Loulwah Kutbi, “Fi Adab Al Sadaqa: e(xilic)ncounters”, 
reading group

26 July 2024, 19:30


BERLIN, S&T RESIDENCY, ARCHIVE



“Fi Adab Al Sadaqa: reading e(xilic)ncounters” proposes the co-creation of a reading circle centered on letter exchanges between Arab artists. Inspired by Homi K. Bhabha’s concept of the exilic optic, this initiative aims to challenge unified cultural narratives and highlight fragmented, diverse identities in the globalised age. The reading circle acts as a gesture towards intersubjective relations and seeks to address political anxieties and spectral presences that reveal the complexities of cultural identity in exile.

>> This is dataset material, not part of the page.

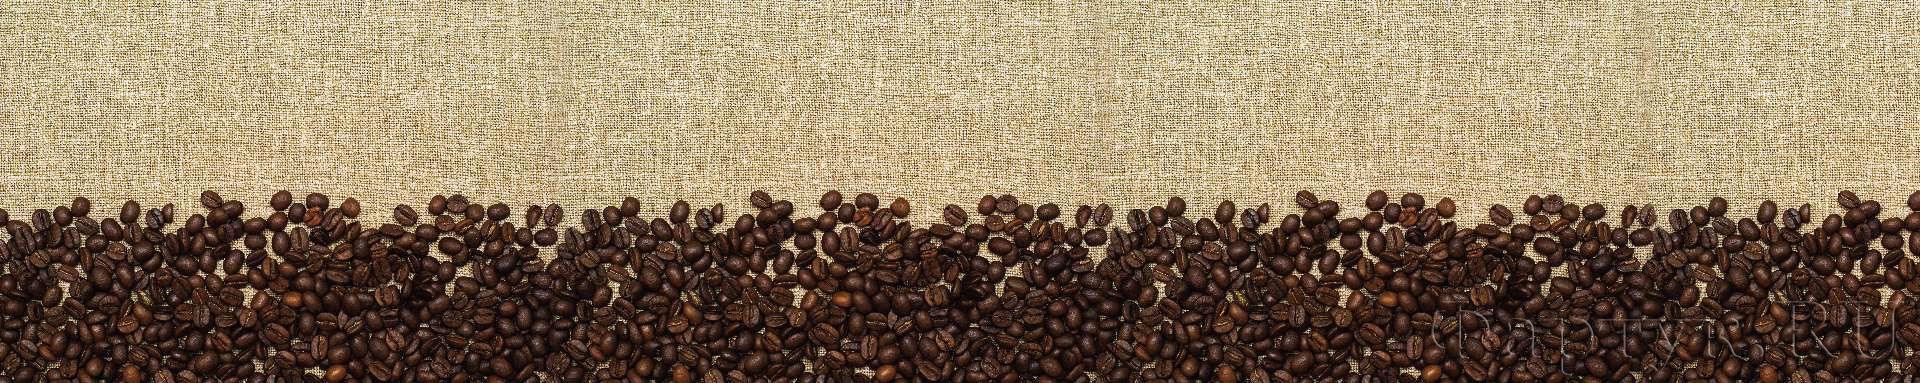 Кофейные зерна на мешковине

The first session will explore the history of epistolary literature and the politics of friendship, followed by a co-reading of the letters and a discussion. The focus will be on letters exchanged between Damascus and Berlin, retrospective locations of exile shared by writer Abdulrahman Munif and painter Marwan Kassab-Bachi. By engaging with these letters through the logic of a situated encounter, the reading circle will explore the relational spaces opened by these exchanges and approach reading as an embodied and lived practice.
Free admission. Limited capacity. Register here.
Language: Arabic, English
Duration: 60 min.

Doors open at 19:00. Event starts at 19:30

Loulwah Kutbi is an independent writer and researcher based in Jeddah and London. She has a background in cultural studies, political philosophy and visual anthropology from Birkbeck, University of London and UCL. Her research/writing practice concerns itself with notion of exilic optics, the politics of location, archival interventions and ethnographic forms of witnessing as seen through visual and literary mediations of migration and exile. She has written for Mathqaf and worked on audio and media research projects in exhibition contexts; focusing on non-centralised archiving practices emerging from public testimony and participation as a means to navigate the tensions between memory and history. 

The residency is supported by Art Jameel and Goethe-Institut Saudi Arabia part of a three years collaboration with Slavs and Tatars to support young practitioners from Saudi Arabia.